● **RECORDS FOR THE EXERCISE**
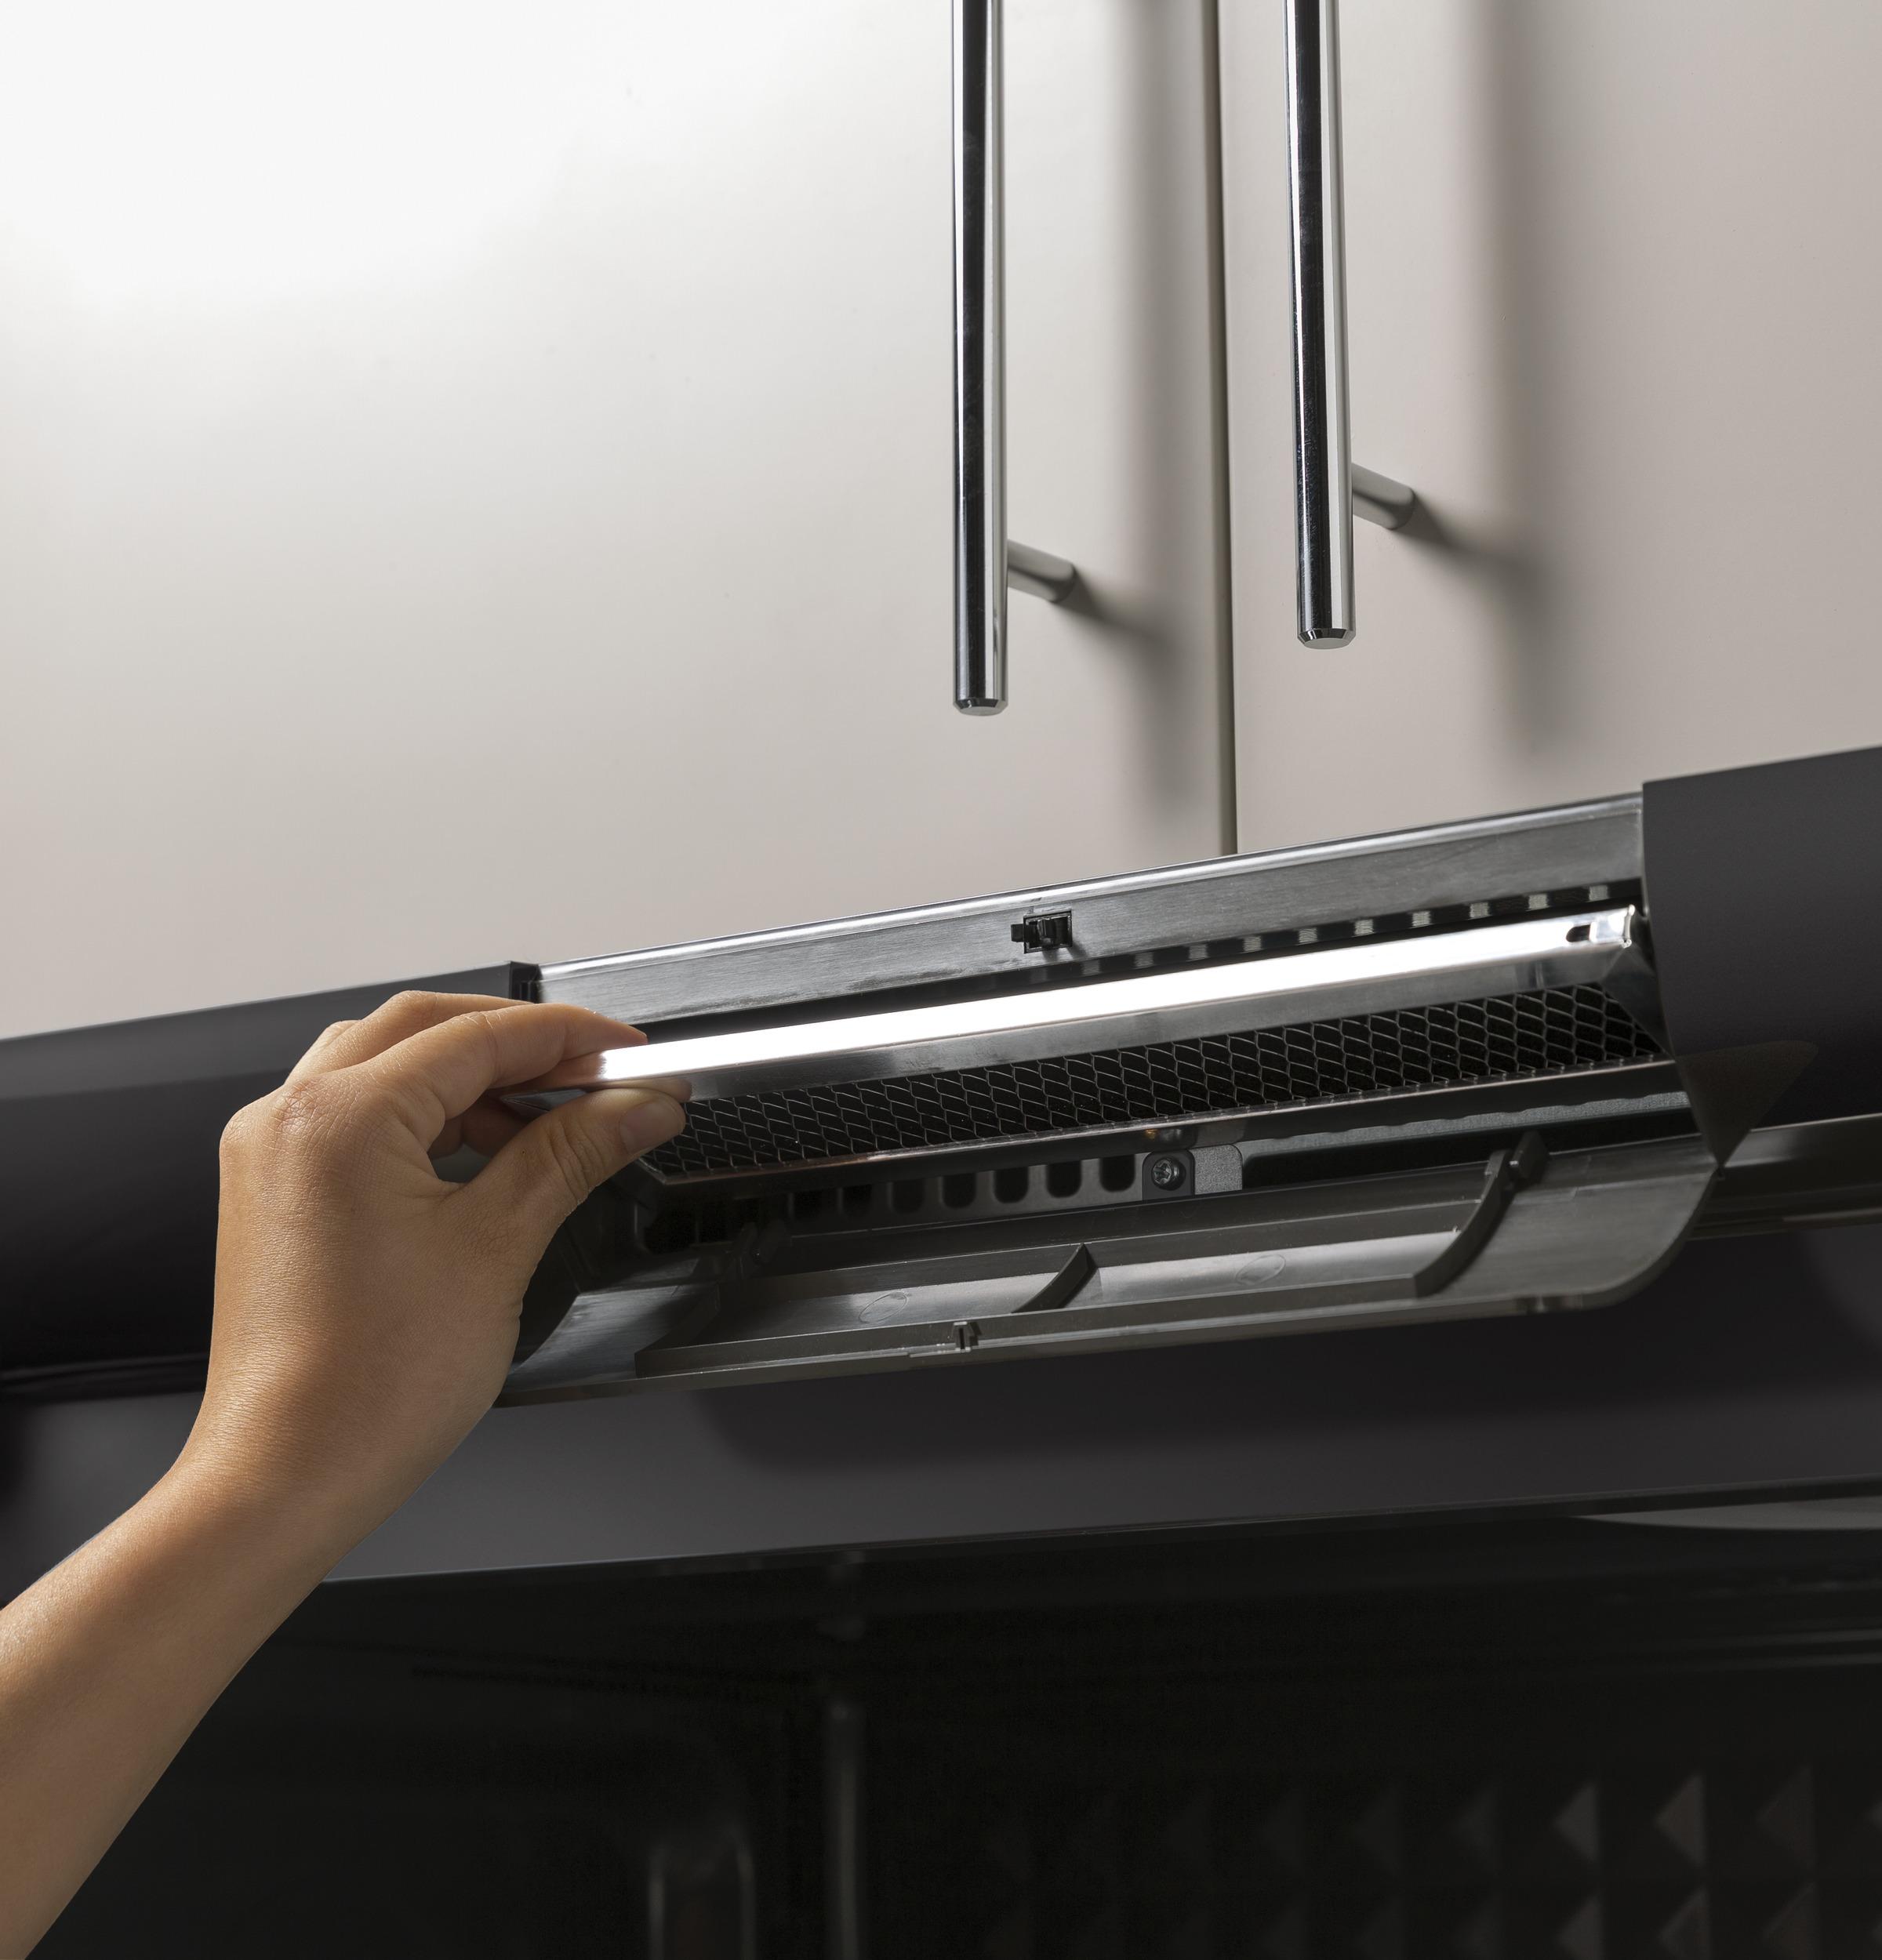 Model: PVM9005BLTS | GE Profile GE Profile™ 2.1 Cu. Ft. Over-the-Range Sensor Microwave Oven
---
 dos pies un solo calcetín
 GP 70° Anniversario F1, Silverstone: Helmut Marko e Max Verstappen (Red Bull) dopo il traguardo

● **WHAT IS REQUIRED**
Of all the entries above, retype exactly the lines from the line with "dos pies un solo calcetín" to the line with "GP 70° Anniversario", both included, and no others.

● **ANSWER SPACE**
 dos pies un solo calcetín
 GP 70° Anniversario F1, Silverstone: Helmut Marko e Max Verstappen (Red Bull) dopo il traguardo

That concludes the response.